Mortgage holders are widely expected to face another round of financial pain, with experts pushing interest rates higher.
The Reserve Bank of Australia (RBA) holds its monthly meeting on Tuesday afternoon at 2.30pm AEST.
Australia’s central bank has hiked rates every month since May last year, with the exception of April 2023, when rates were temporarily suspended.
Experts hoped that June was also headed for another halt, giving the nation some much-needed reprieve, but those hopes were dashed.
Higher-than-expected inflation numbers from the Bureau of Statistics — which stood at 6.8 percent in the 12 months to April — coupled with the Fair Work Commission’s minimum wage increase, have all but sealed the fate of homeowners, some economists say.
Markets are widely predicting another interest rate hike, essentially raising the probability from less than 10 percent to 42 percent.
A recent survey from comparison site Finder said nearly half of an expert panel had planned for the rate to rise, and the consensus was that it would be increased by 25 basis points, bringing the cash rate to 4.10 percent.
Finder’s head of consumer research Graham Cooke warned that the sobering inflation results would likely “trigger” another rate hike, or two, and then the final interest rate would be reached, eventually abating the “floods”.
“Despite the RBA’s board being heavily criticized for its unprecedented series of rate hikes, the recent rise in inflation may be enough to trigger another rate hike,” Cooke said.
“Our experts predict a maximum of 2 more rate increases this year. After that, the floodwaters should begin to recede.”
Since May 2022, cash rates have fallen from an all-time low of 0.1 percent to an increase of 375 basis points.
Australia’s current cash rate is the highest in 11 years amid the fastest tightening cycle on record.
For context, the RBA’s inflation target is to keep consumer price inflation at an average of between two and three percent over time. The country’s current figure is nowhere near that, at 6.8 percent.

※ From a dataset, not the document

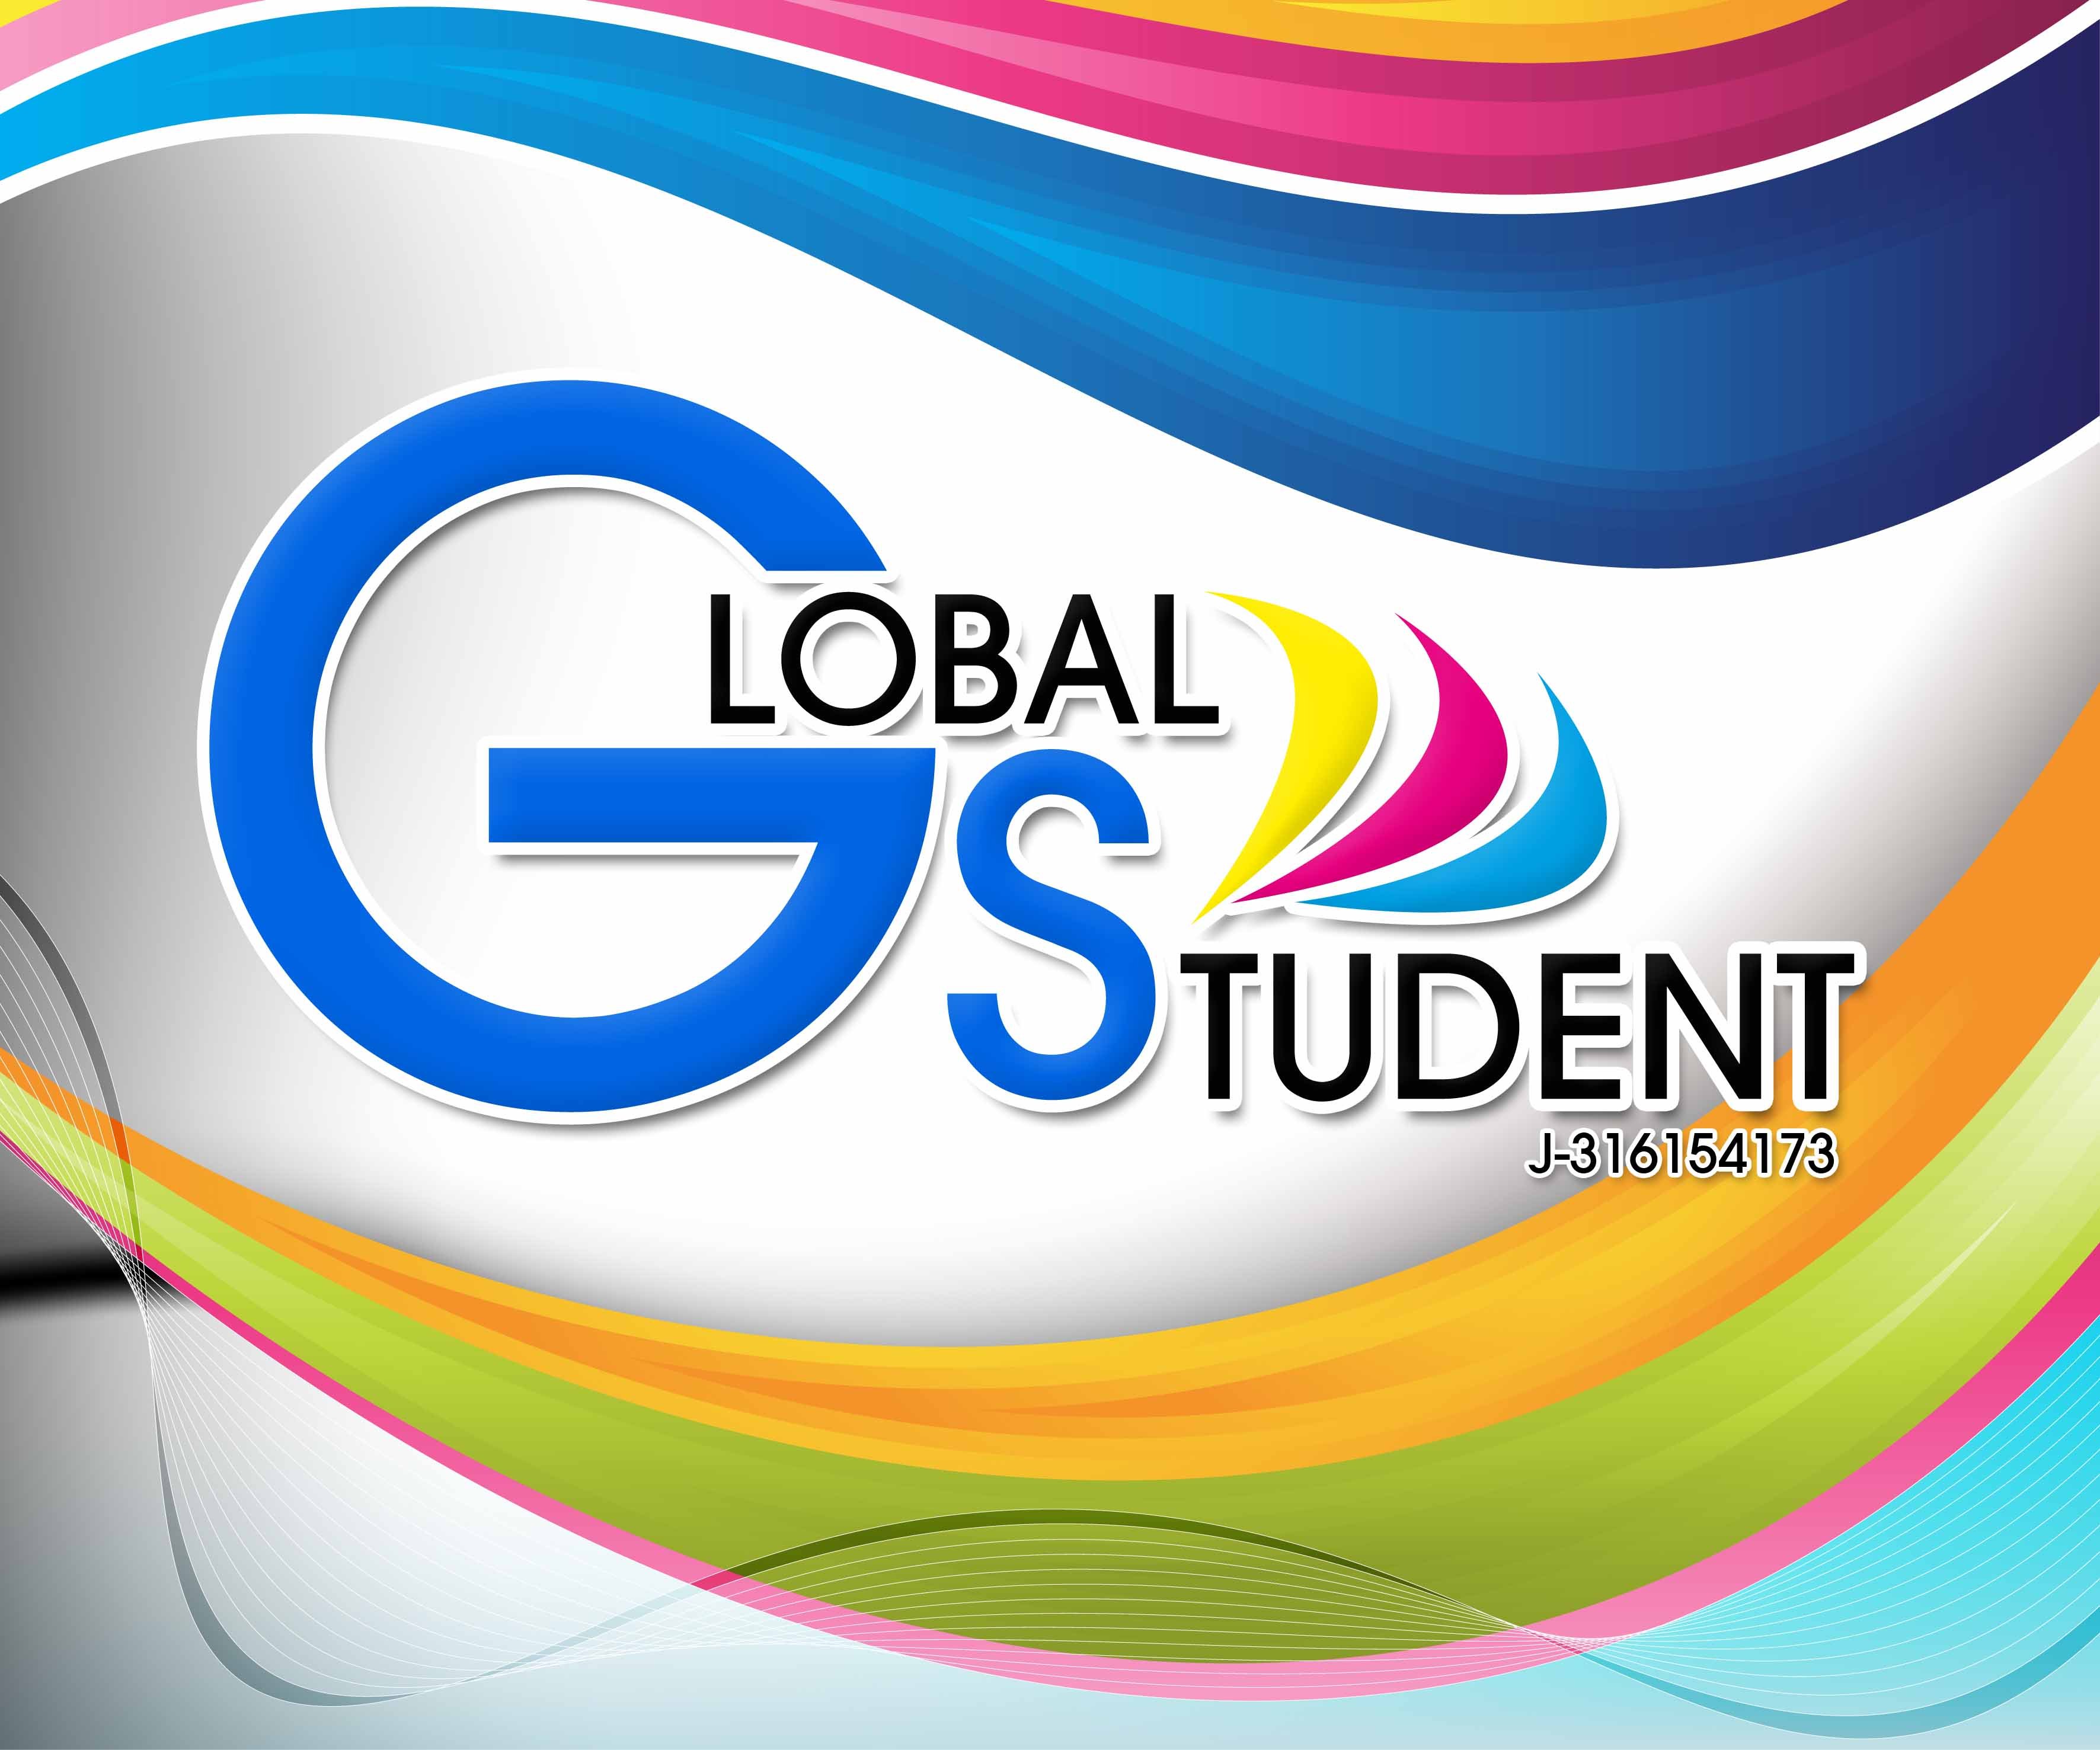 Global Student CA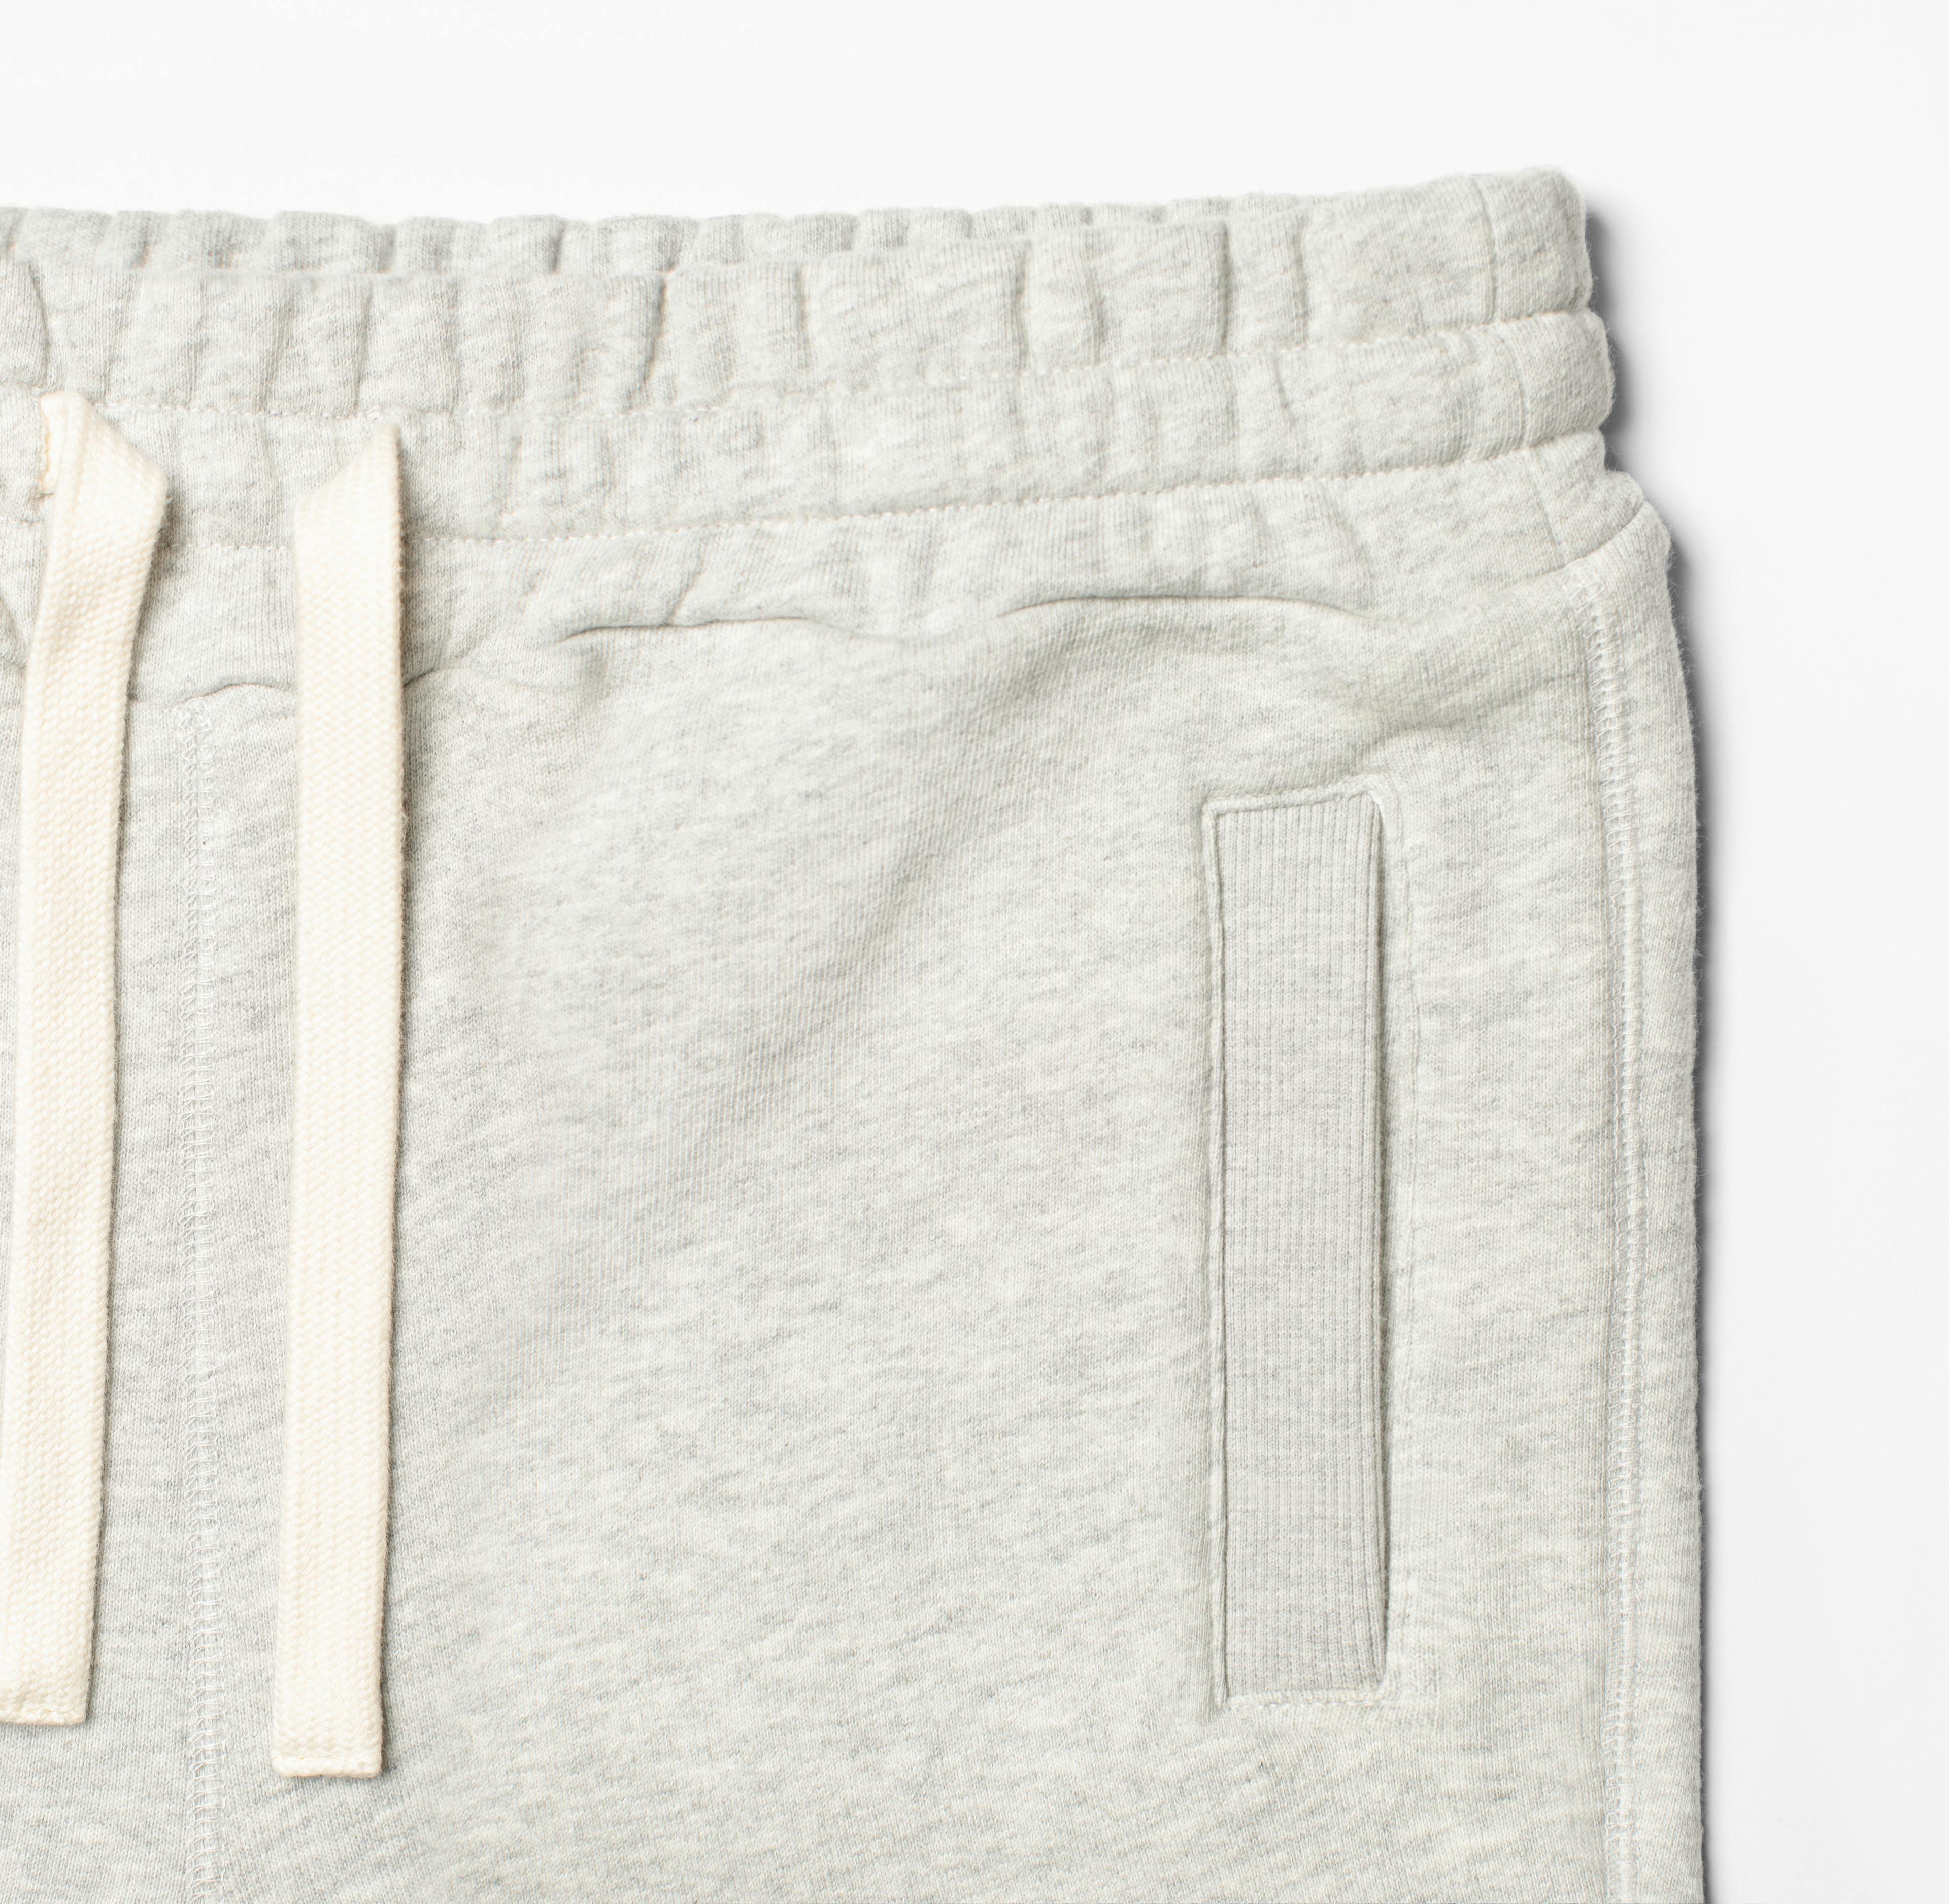 Lounge & Leisure Sweatpants (Men's Fit / Oatmeal) - Pocket Detail

Two of Australia’s four largest banks – the CBA and Westpac – have marked 3.85 per cent as the final spot rate, meaning they believe the current rate will be the peak, which is good news for cash-strapped borrowers .
CBA thinks the rate will pause and drop again to 2.6 percent next August.
Meanwhile, Westpac thinks the worst is over and will bottom out at 2.10 percent in May next year, two years after interest rates started rising.
However, both banks may want to revise their outlook given the new inflation figures.
ANZ and NAB, on the other hand, had more sobering predictions.
NAB thinks the rate will be paused this month, but will rise to 4.10 percent in July and then fall to 3.10 percent over the next 12 months.
ANZ had the gloomiest forecast of all, predicting 4.35 percent to be the closing rate, which will not be reached until August.
On Monday, ahead of an upcoming RBA cash rate decision on Tuesday, Deutsche Bank revised its peak cash rate forecast from 4.1 percent in August to 4.6 percent in September.
Phil O’Donoghue, chief economist at Deutsche Bank, warned: “We are now anticipating the likelihood of multiple rate hikes before the end of the year. The only uncertainty left for us is when these walks will take place.”
On Friday, the Fair Work Commission announced that starting July 1, new pay rates will go into effect for 184,000 national minimum wage workers, who will enjoy a record 8.6 percent increase.
An additional 2.5 million workers who depend on benefits will also enjoy a wage increase, albeit not as high, at 5.75 percent.
The announcement came just three days before the Reserve Bank will hold its monthly meeting for June to decide whether to raise interest rates again.
In a note, AMP chief economist Shane Oliver wrote, “The RBA will be concerned that inflation is too high.
“The latest minimum and bonus wage hikes now unfortunately make further RBA rate hikes likely.”
Dr. Oliver said the cash rate is likely to rise – it’s just a matter of whether it will be this month or next month.
“Or if not on Tuesday, then in July,” he added.
“The money market has now priced in a 42 percent chance of a 0.25 percent rate hike on Tuesday and an 80 percent chance by July.”